Prep Time: 15 MINUTES
Cook Time: 20 MINUTES
- 1/2 cup chopped walnuts
- 1 cup all-purpose flour
- 1/3 cup whole wheat flour
- 1 1/2 tsp baking powder
- 1/2 tsp baking soda
- 1/2 tsp salt
- 2/3 cup packed brown sugar
- 2 Tbsp canola oil
- 2 tsp vanilla extract
- 8 oz Stonyfield Organic Plain Greek Nonfat Yogurt
- 1 large egg
- 1 1/2 cups finely diced peeled pear
- cooking spray
- 3 Tbsp turbinado sugar (any granular sugar can be substituted)
- Heat oven to 400°. Spray with cooking spray or line 15 muffin cups and set to the side.
- Place the walnuts in your food processor and pulse until finely ground.
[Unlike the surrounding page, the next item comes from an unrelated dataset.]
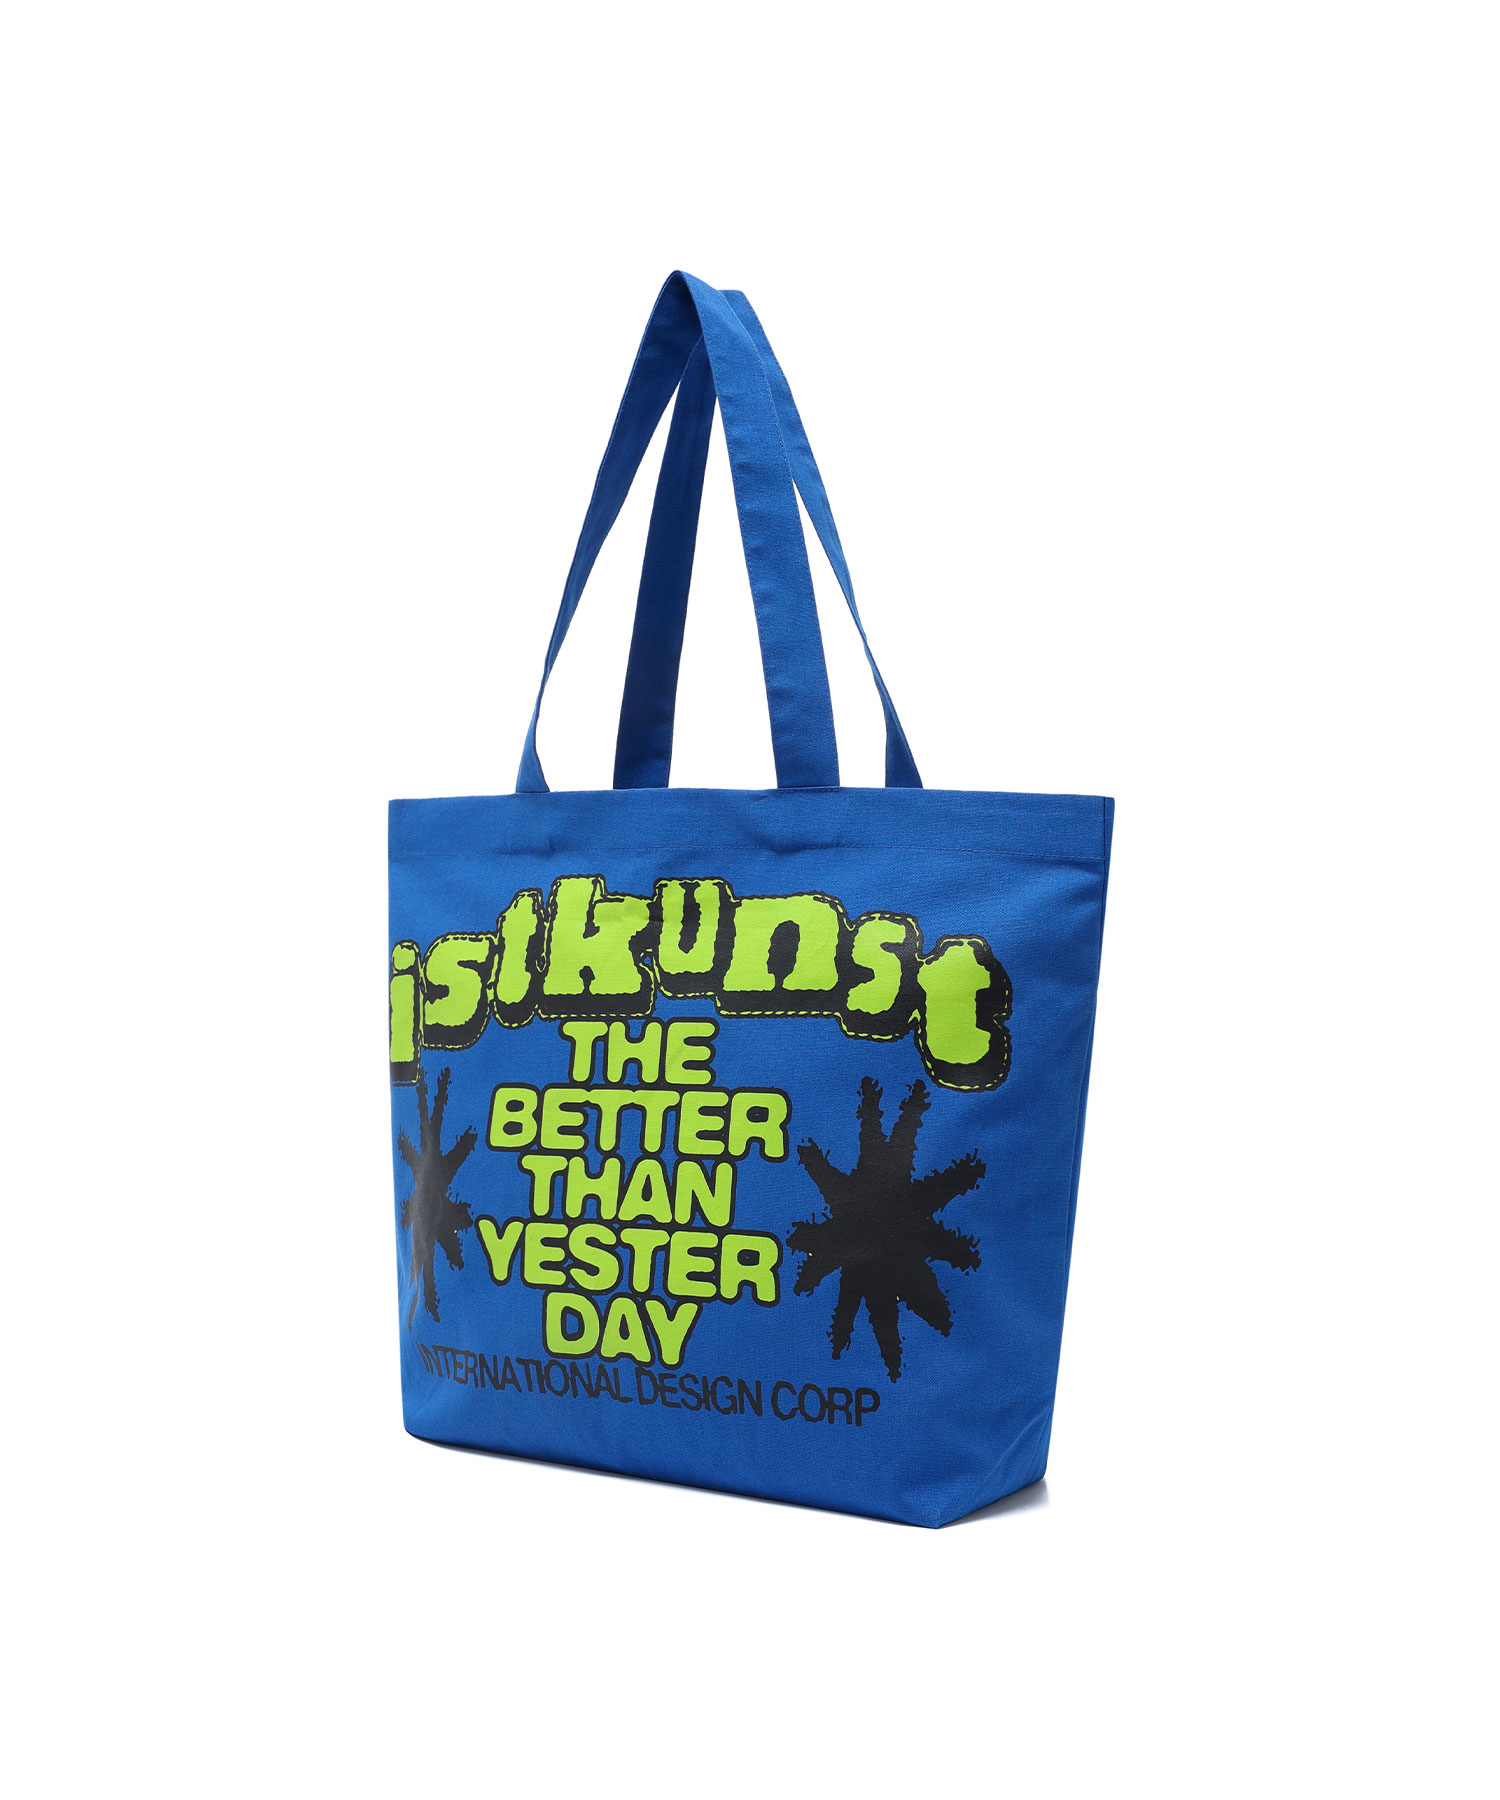 BTY CANVAS TOTE BAG[BLUE]

- Lightly spoon both flours into measuring cups and place into a medium size bowl. Add in the baking powder, baking soda and salt and whisk to combine with the flour. Stir in the ground walnuts and then make a well in the center of the flour mixture.
- In a separate small bowl combine the brown sugar, canola oil, vanilla, yogurt and egg. Pour the mixture into the well of the flour mixture and mix until it is all moistened. Fold in the pears.
- Divide the batter between 15 muffin cups lined with papers or sprayed with cooking spray. Gently sprinkle the tops of each pear & walnut muffins with the sugar. Bake for 20 minutes until the tops are golden brown and they spring back to the touch.